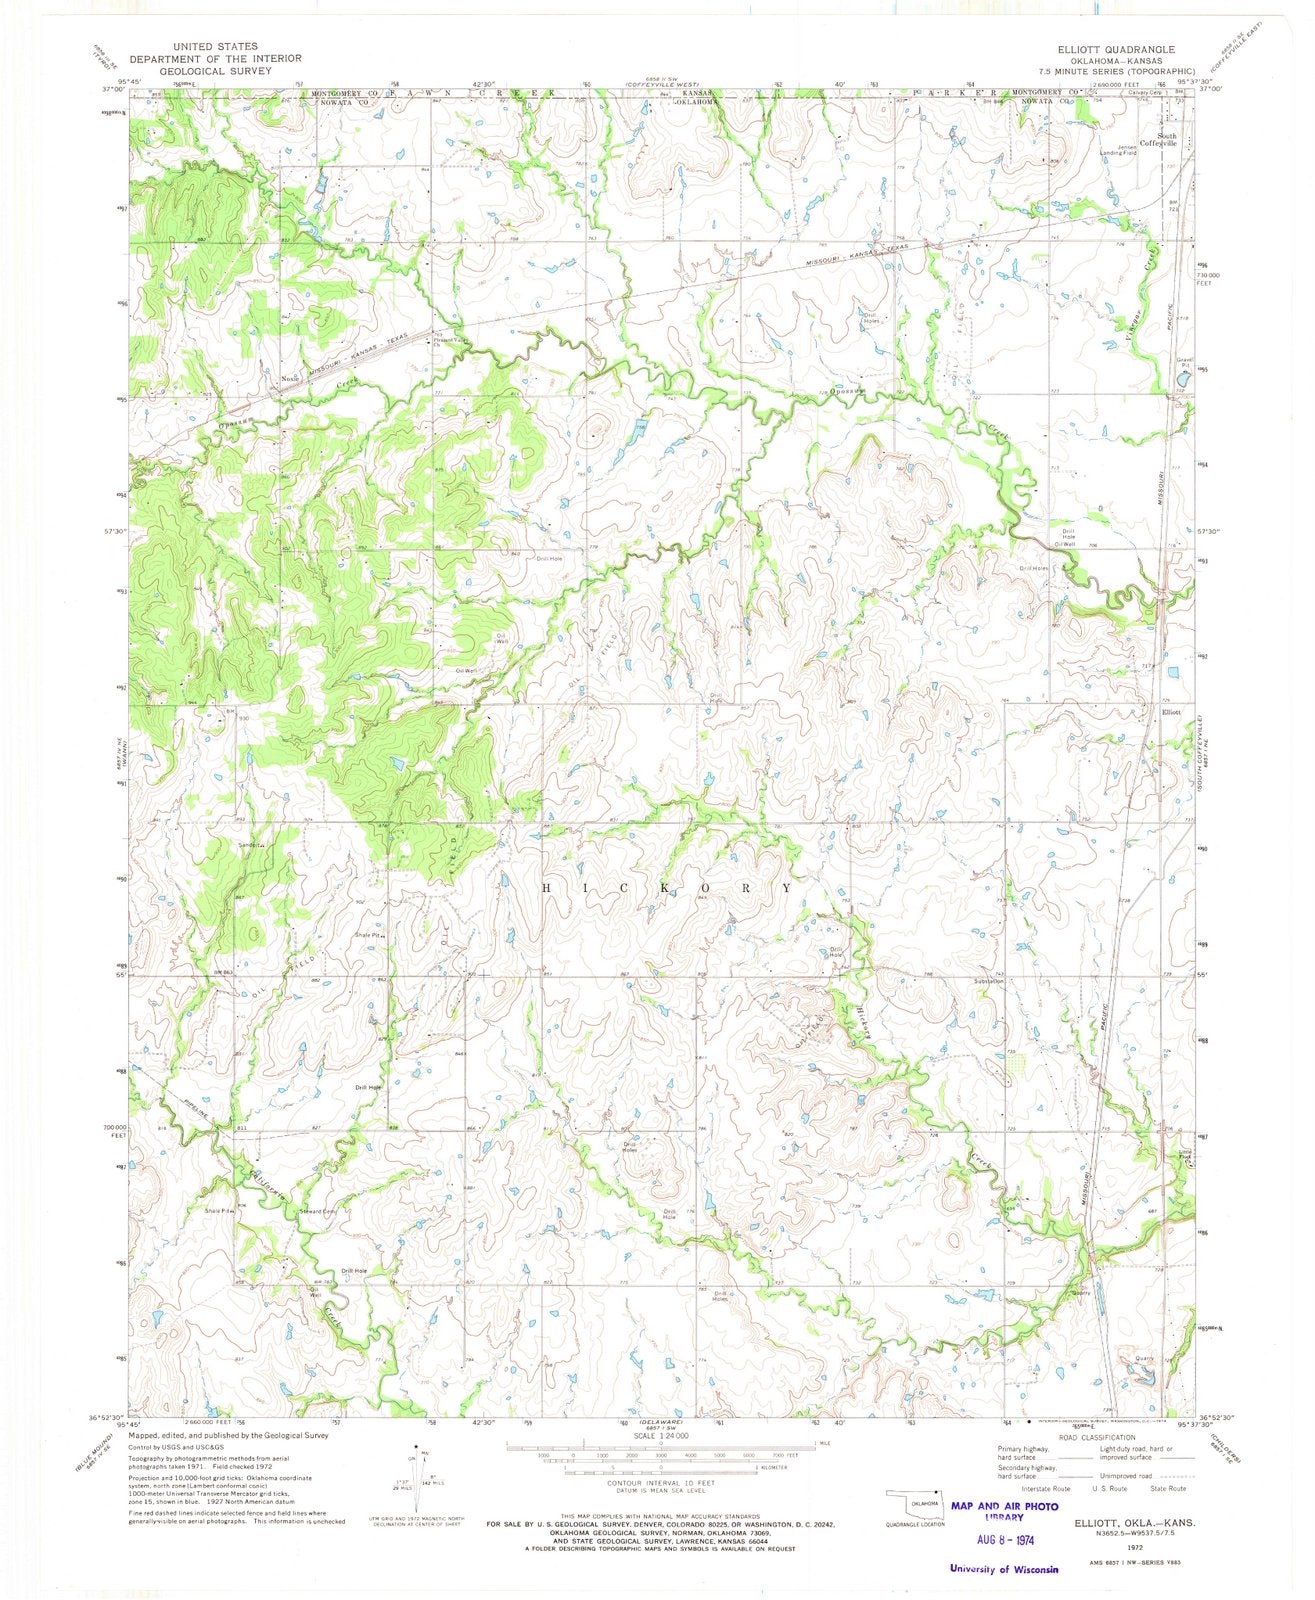 1972 Elliott, OK - Oklahoma - USGS Topographic Map
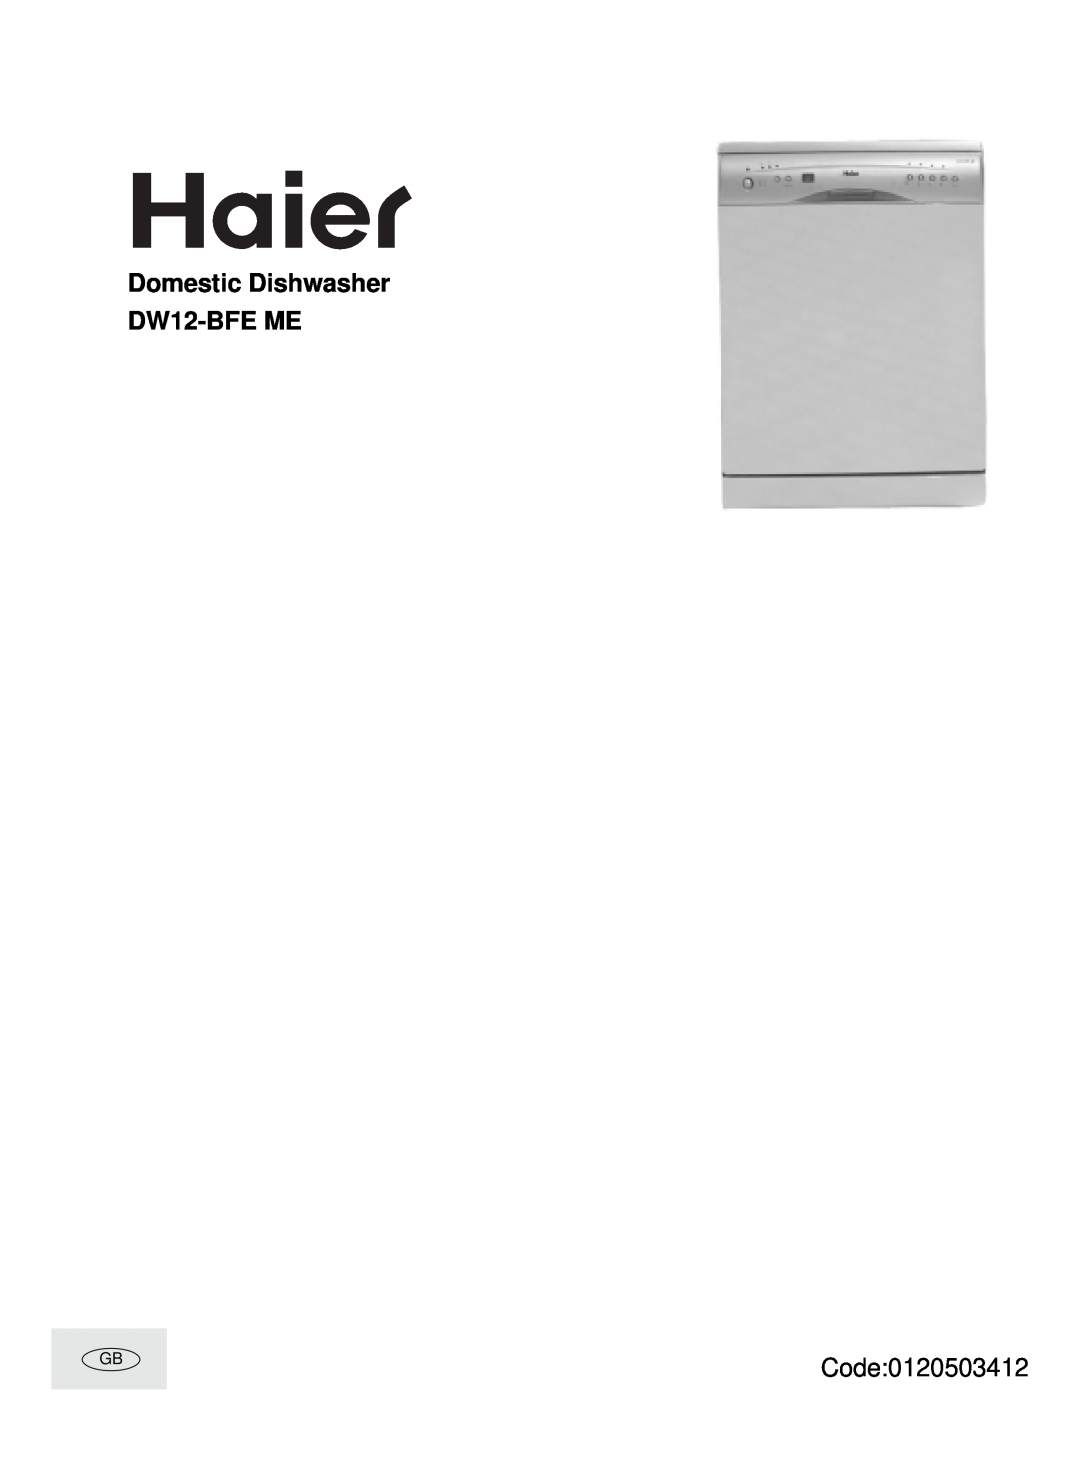 Haier manual Domestic Dishwasher DW12-BFE ME, Code 
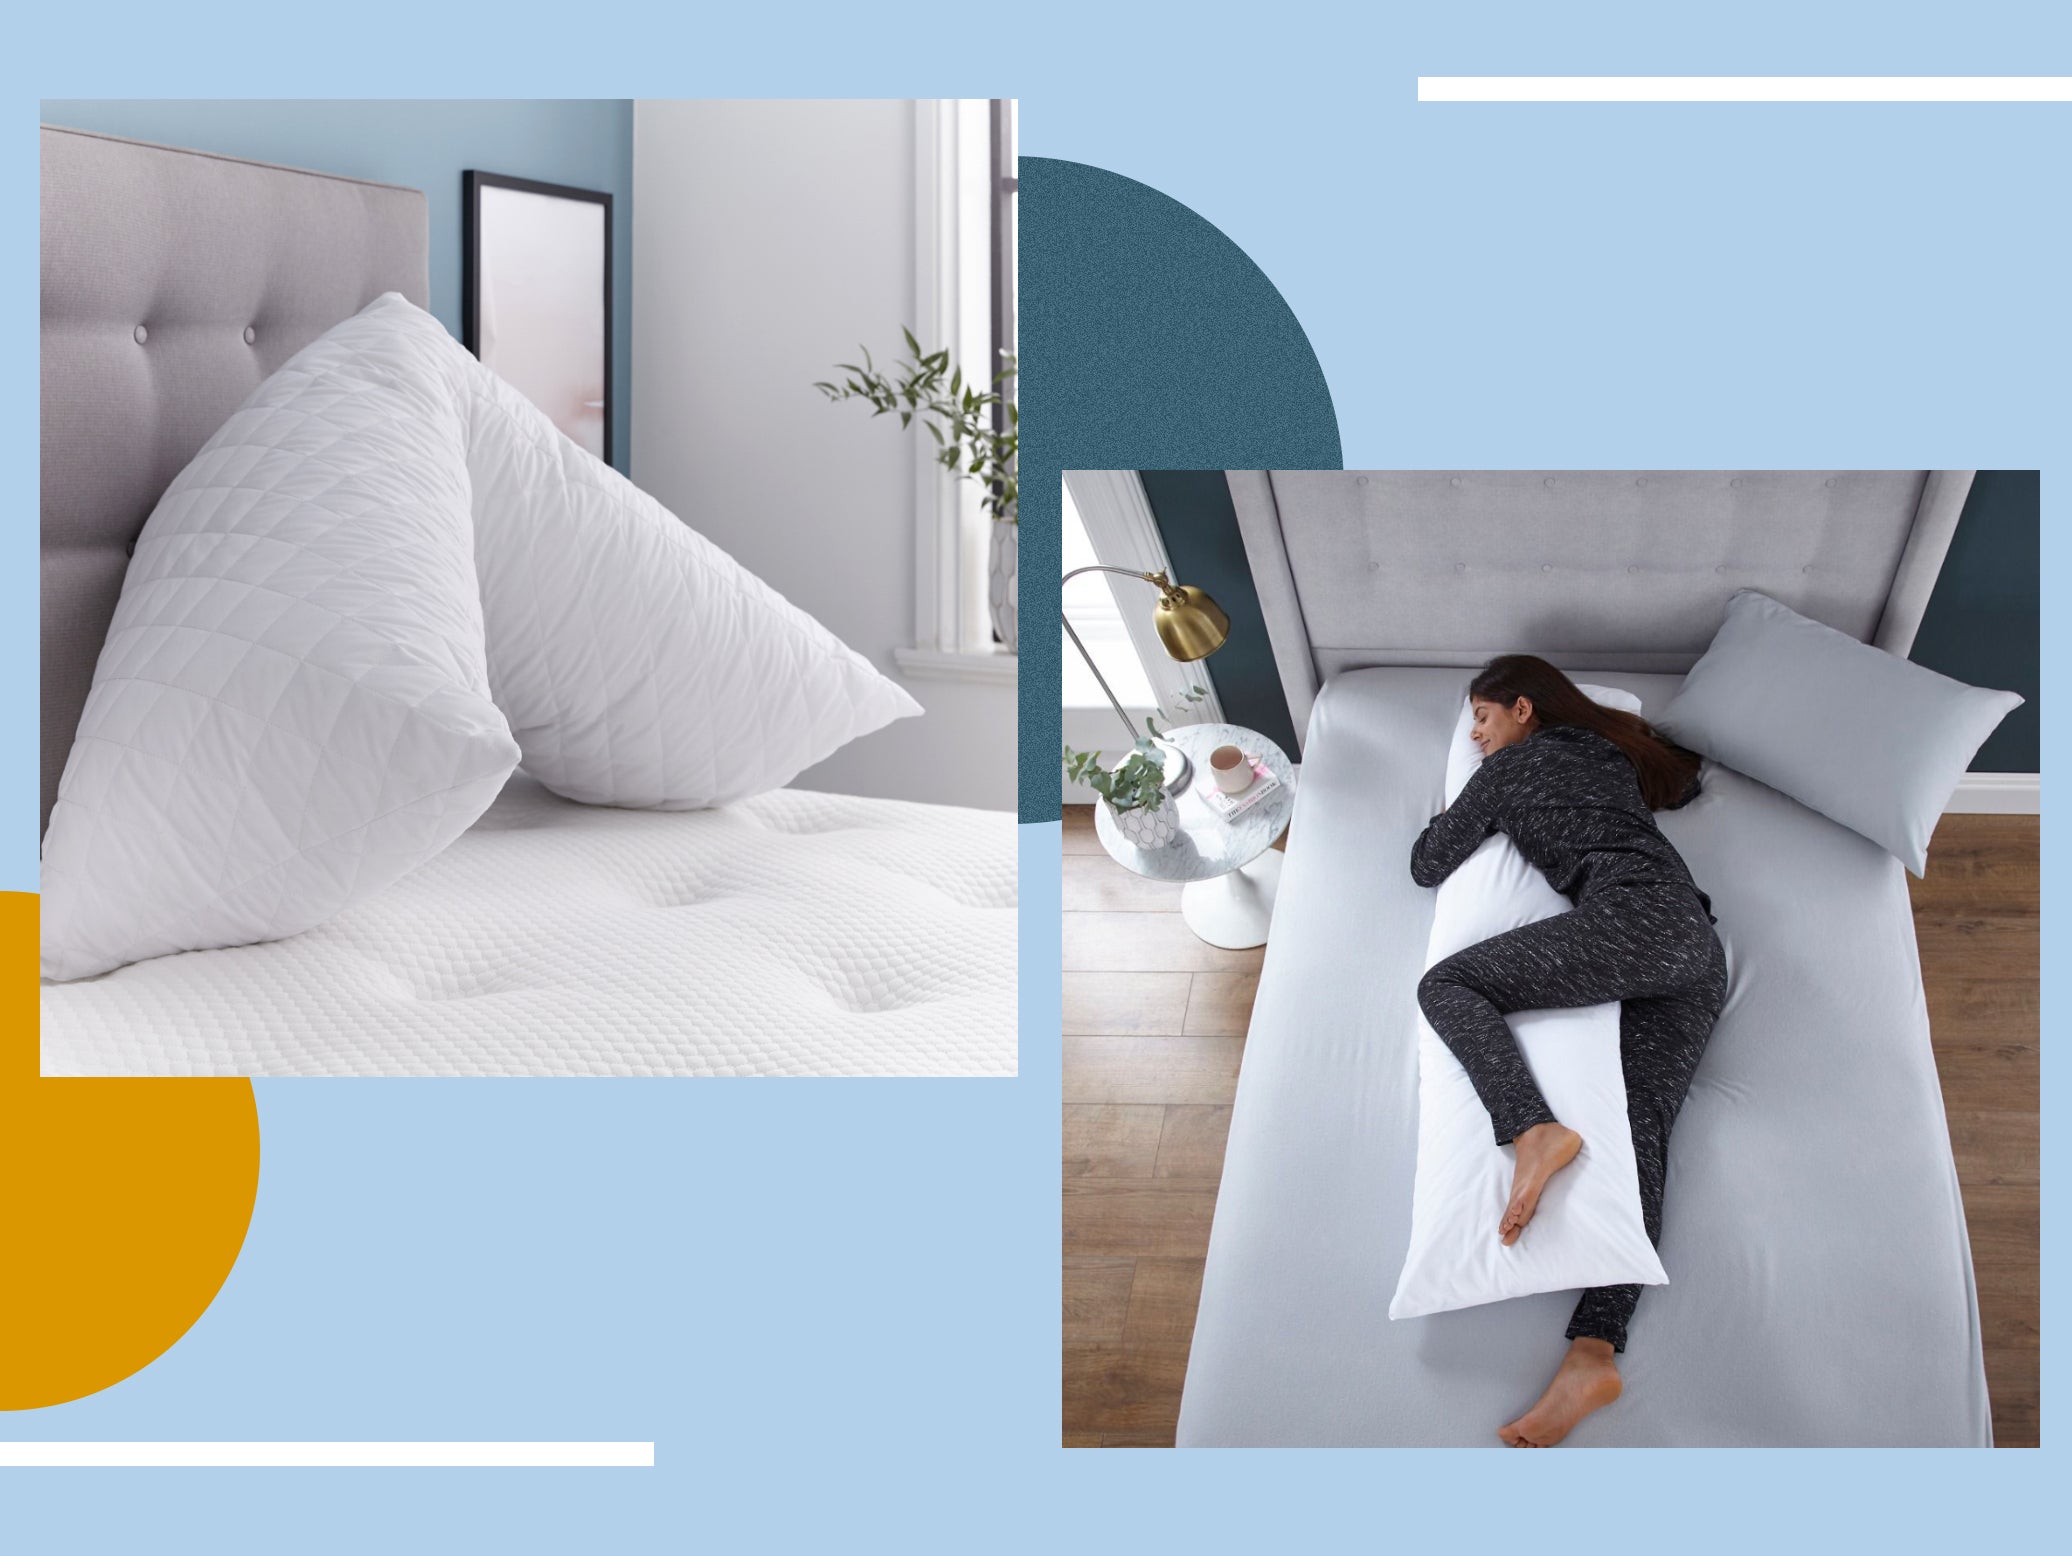 Silentnight body support pillow review: Design, features

-*-*-

#### [Your objective]
Return the material from above in full, exactly as written, with the pictures omitted.

#### [Output for this exercise]
 1972 Elliott, OK - Oklahoma - USGS Topographic Map
 Haier manual Domestic Dishwasher DW12-BFE ME, Code 
 Silentnight body support pillow review: Design, features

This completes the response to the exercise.